The genotypes ON1 and BA contained 72 and 60 bp duplication in the HVR-2 of the G gene (Trento et al. 2006; Eshaghi et al. 2012). The ON1 had become the predominant genotype and spread all over the world after it was first detected in Canada in 2010. In China, the genotype ON1 became more and more prevalent since detected in Shanghai in February 2011, and replaced the genotype NA1 to become the predominant RSV-A genotype during 2013–2015 (Song et al. 2017b). The first BA variant was isolated in Madrid in 1998. Then, the genotype BA had spread globally and evolved into 14 genotypes (Trento et al. 2010; Gimferrer et al. 2016; Abrego et al. 2017). After first detected in 2006, the genotype BA9 became the predominant genotype of RSVB in China during 2008–2014 (Song et al. 2017a). In this study, genotypes ON1 (307), NA1 (6), GA5 (3) of RSV-A and genotypes BA9 (102), SAB4 (3) of RSV-B were found in 2015, while the ON1 and BA9 were the predominant genotypes accounting for 97.15% and 97.14%, respectively. After December 2015, genotypes ON1 and BA9 had completely replaced other RSV genotypes. The lengthening modification in G glycoprotein probably reflects an evolutionary advantage, which may be the reason for the spreading and replacing of genotypes ON1 and BA9.

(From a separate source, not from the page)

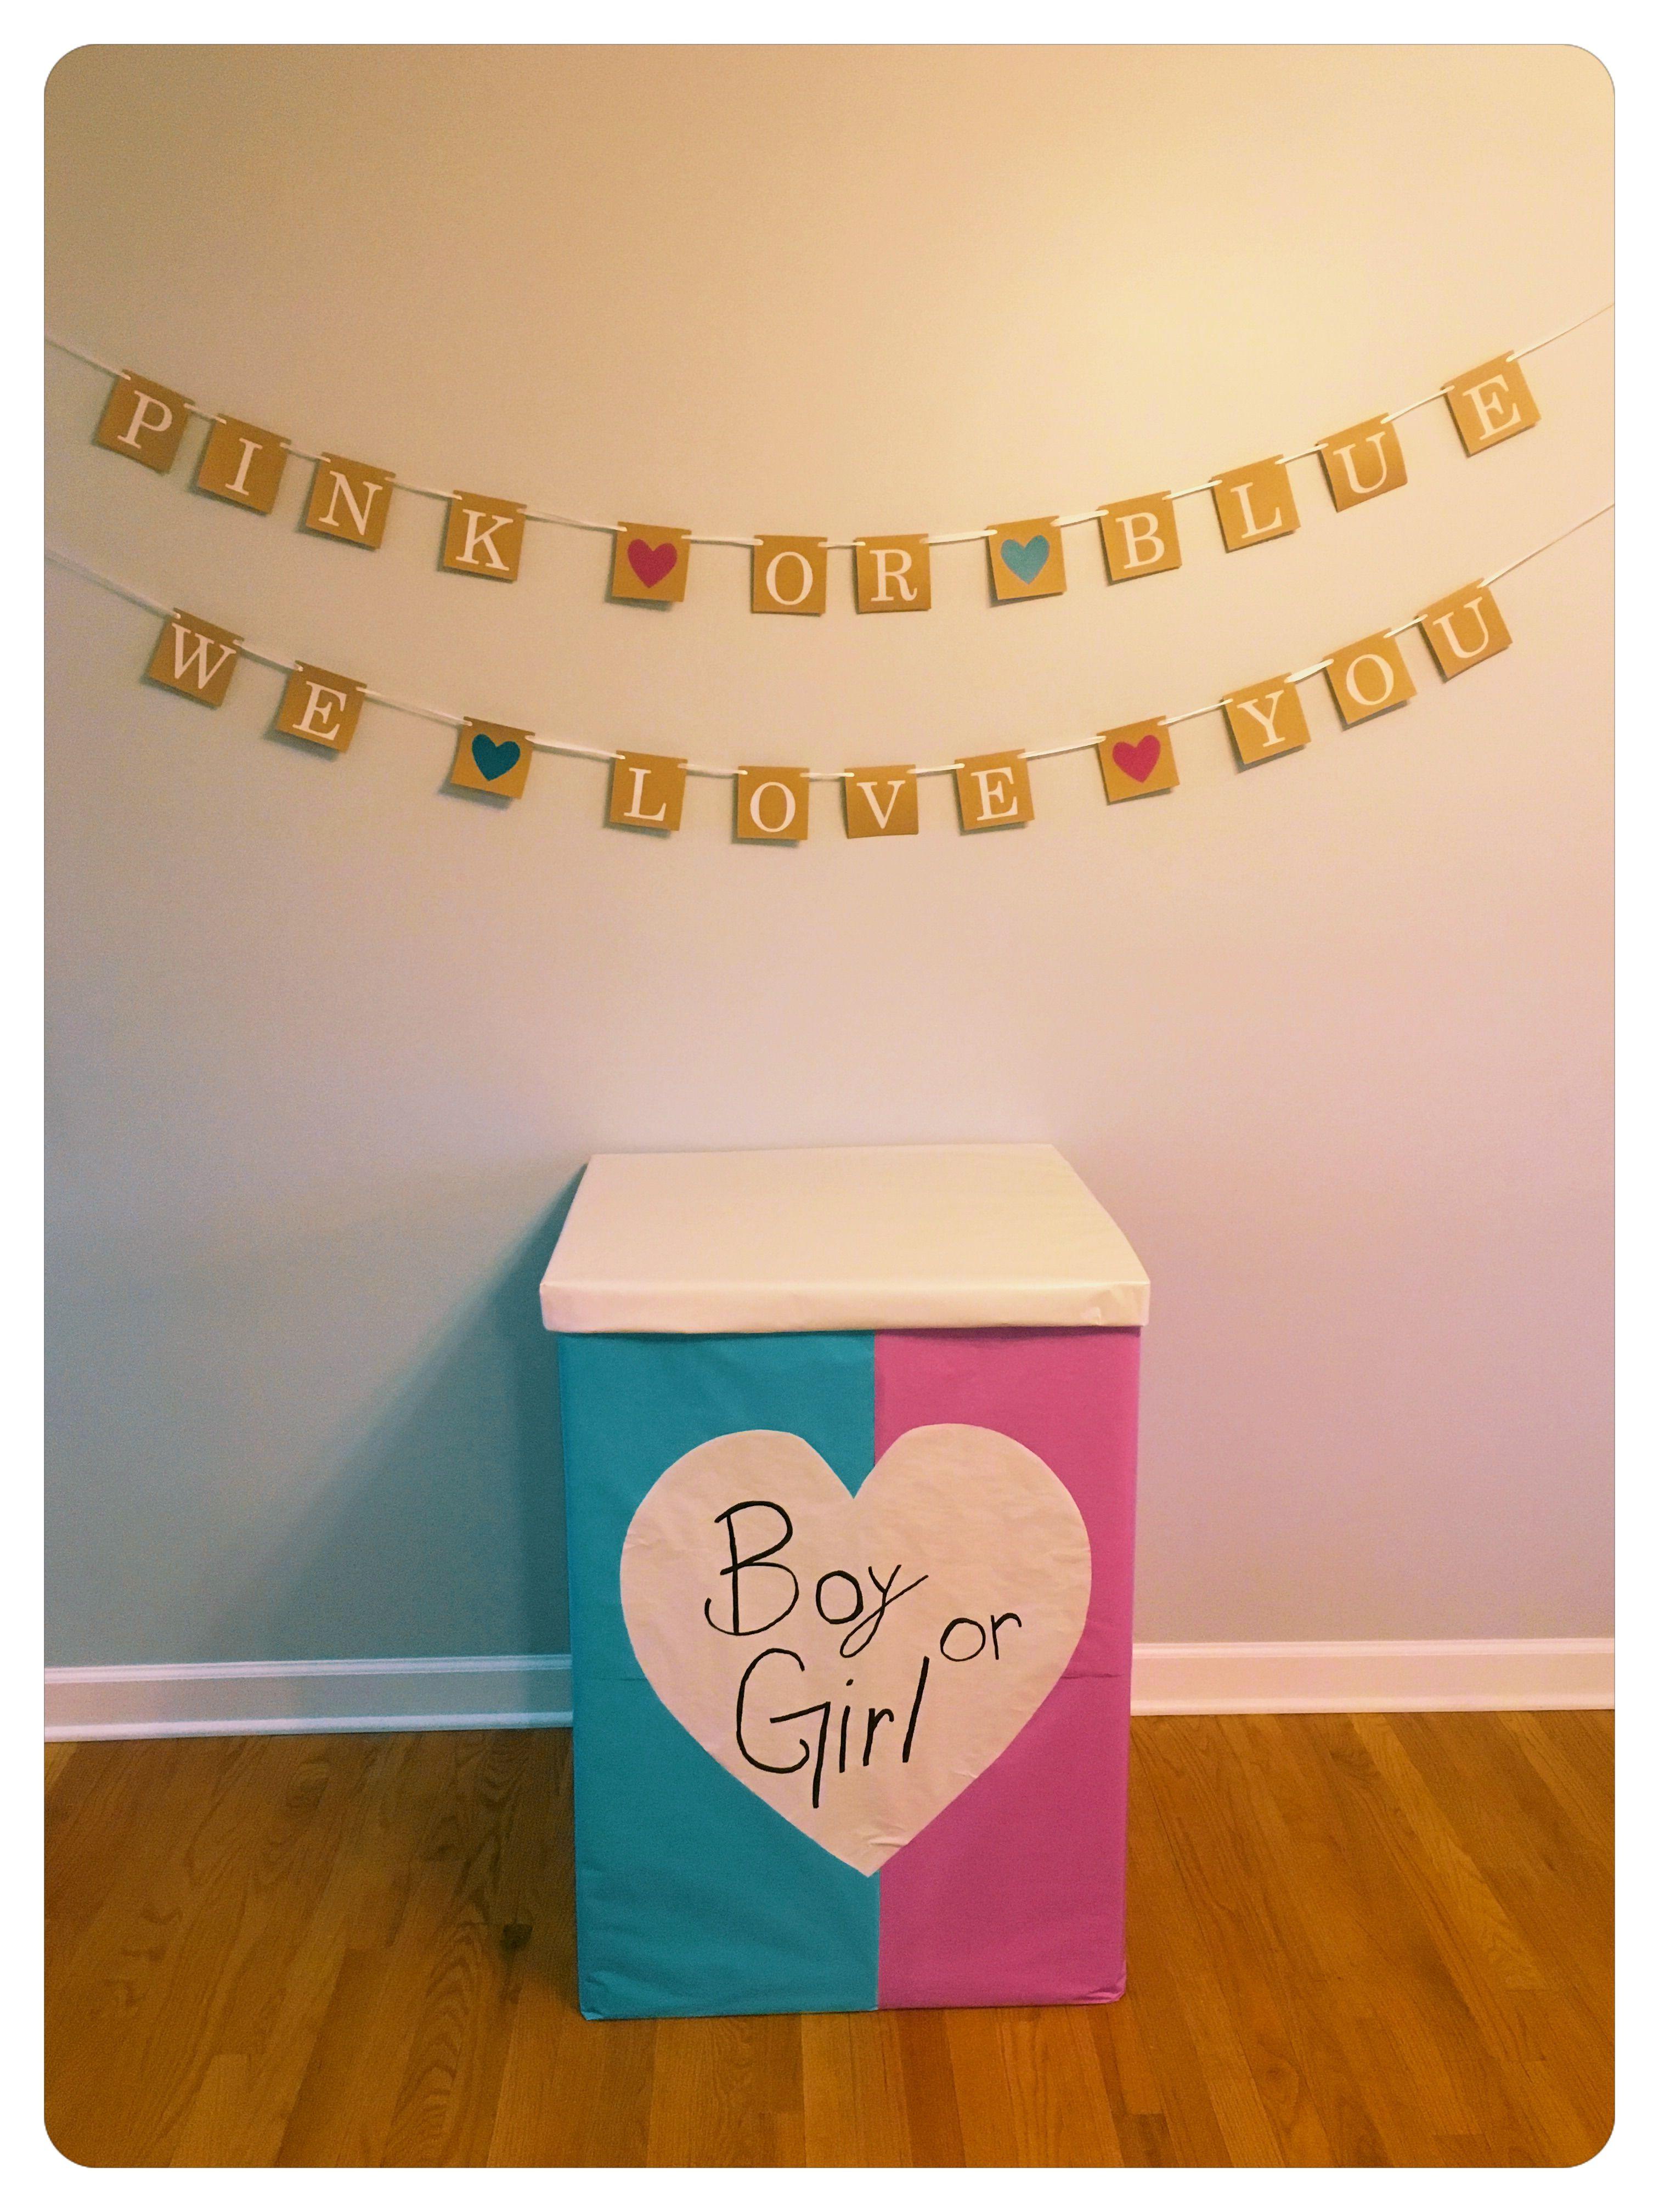 My Gender Reveal Balloon Box Boy Or Girl Punk Or Blue Gender Reveal Balloon Box Balloon Reveal Gender Reveal Balloon Box Gender Reveal Balloons Balloon Box

The protein G, as an attachment protein, plays a critical role in virus entry into the host cells. It can affect human immune responses and facilitate viral evasion, which is also a significant candidate for RSV vaccine and antibody development (Chirkova et al. 2013). The variations at the protein G are also the marker to trace the origin of infection. Therefore, it is of great importance to identify the amino acid variations of the circulating genotypes.

Compared with the reference sequence (ON67-1210), six sites were identified with the frequency of the amino acid changes more than 10% in the sequences of HVR-2 of genotype ON1 between 2015 and 2019. The amino acid substitutions T249I and E262K have been reported in the previous study (Song et al. 2017b), while the H258Q (23.83%), H266L (23.83%), L274P (17.97%), L298P (18.36%) are reported for the first time. Interestingly, all the sequences with amino acid changes H258Q and H266L were co-occurrences, and clustered into the same lineage. The T290I and T312I were new amino acid changes in genotype BA9 between 2018 and 2019, while all the sequences with these two changes clustered into a new lineage. The amino acid change P237H (8.81%) had certain geographical limitations, which were observed only in 17 sequences from Hebei Province between 2015 and 2016.

The virus evasion from host immune response recognition may be mediated by the presence of N- and O-linked glycans on the G protein. The antigenicity of RSV protein G can be severely affected by the pattern and frequency of N- and O-linked carbohydrate side chains (Palomo et al. 1991; Khan et al. 2015; Haider et al. 2018). For the predominant genotype ON1, only one conserved N-glycosylation site was identified in position 237. All the genotype BA9 in this study have two conserved N-glycosylation sites at position 296 and 310 of the 60-nucleotide duplication region. These results showed that N-linked glycosylation sites on the protein G did not affect the antigenic alterations of RSV.

In conclusion, this is a multi-center molecular epidemiologic study of the RSV in China between 2015 and 2019. The result suggested that the ON1 and BA9 were the predominant genotypes for RSV-A and RSV-B respectively. Meanwhile, only ON1 and BA9 genotypes have been detected after December 2015 in this study. For the genotypes ON1 and BA9, the G gene exhibited relatively high diversity and could be separated into 10 and 7 lineages, respectively. The temporal and geographical factors may play a role in RSV genetic evolution. For the rapid evolution and widespread transmission of this virus, continued surveillance needs to be conducted to illustrate the molecular characterization of the emerging genotypes of RSV.